Ask E. Jean: Should I Leave My High-Paying Job After Having an Affair With a Colleague?

Dear E. Jean: I’ve been sneaking away for long “lunches” with a married man from my office. He tells me he loves me, I tell him I love him, and this has been going on for a year. Knowing I was doing wrong, and that he’d never leave his big-time breadwinning wife, I broke it off and had a date with a wonderful new man. My married friend turned up the charm, I couldn’t resist, and we started all over again!

But recently I saw him talking to a new girl from PR, and yesterday they went out for “lunch” and never returned. I was so distraught that a guy in my circle of work friends tried to comfort me. He said he knew of my affair because the bastard would brag after each of our encounters to all the guys in the office! The asshole even showed them pictures of me halfdressed that I’d sent him! I can’t believe I was so stupid! I’m still crying over it all. I loathe him! I can’t stand working here! I can’t look at his face anymore! But my salary is so generous, I don’t think I could find another job that pays as well. Is there any other way to deal? — Slut in a Rut

Miss Rut, My Darling: Now, now. Dry those tears. You are a woman who will have an affair with somebody, and as no CEO in history has ever been able to stop people chasing one another, and as there are hundreds of offices for you to begin your next affair in, here are the rules: Never talk about it. Never send naked photos to a coworker. And, when flirting with a colleague who has a wife, you’re allowed a nibble of baloney, but never “lunch” on the whole salami.

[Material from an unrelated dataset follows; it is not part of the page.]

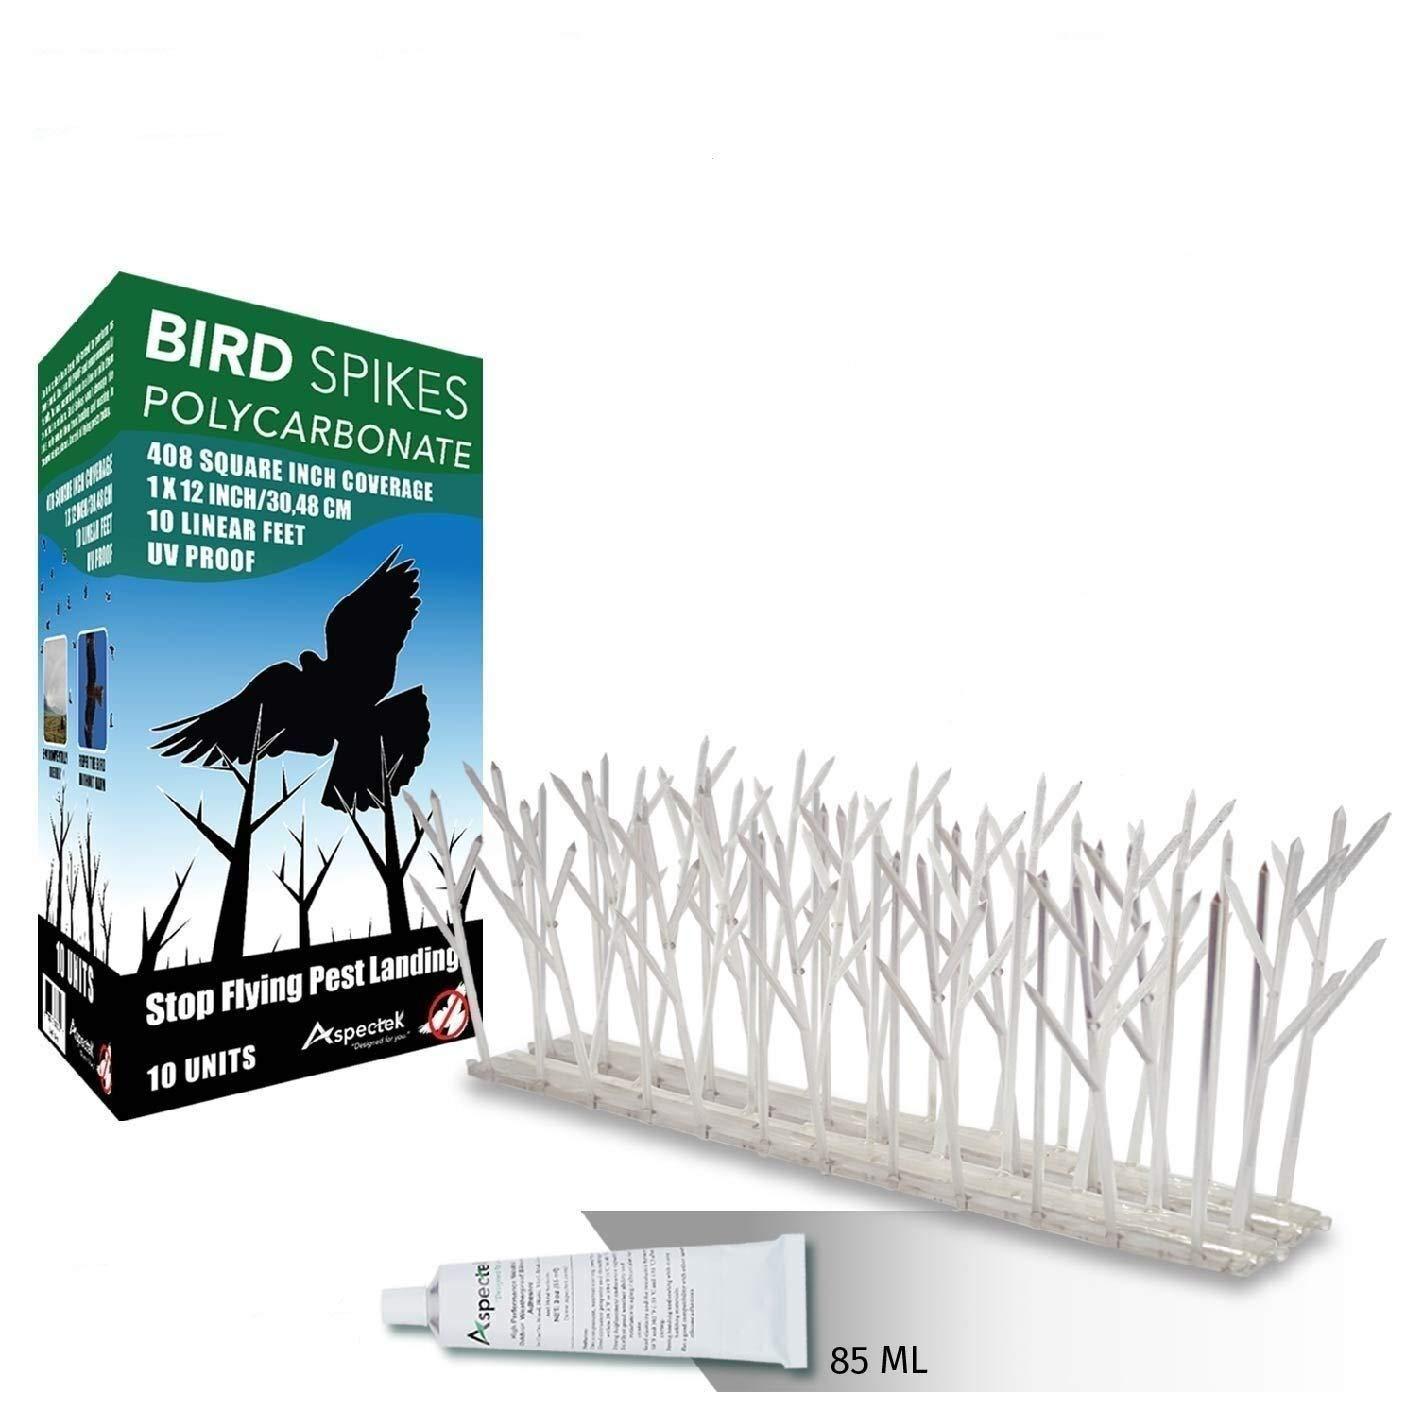 Aspectek Stainless Steel Bird Spikes Kit, 10 Feet (3 Metre). Perfect Bird Gel Deterrent (Without Glue) Others

As for your career at this company? It’s dead. Thanks to your friendly office dudes, everyone from the president down to the woman who comes in twice a month to service the copier knows you’re pegging Mr. PR Girl.

Your job now is to (a) stop thinking of your current salary as “generous” and start thinking of it as laughably paltry, (b) get a new job that pays more, and (c) never, ever trust a married man who cheats.

This letter is from the E. Jean archive.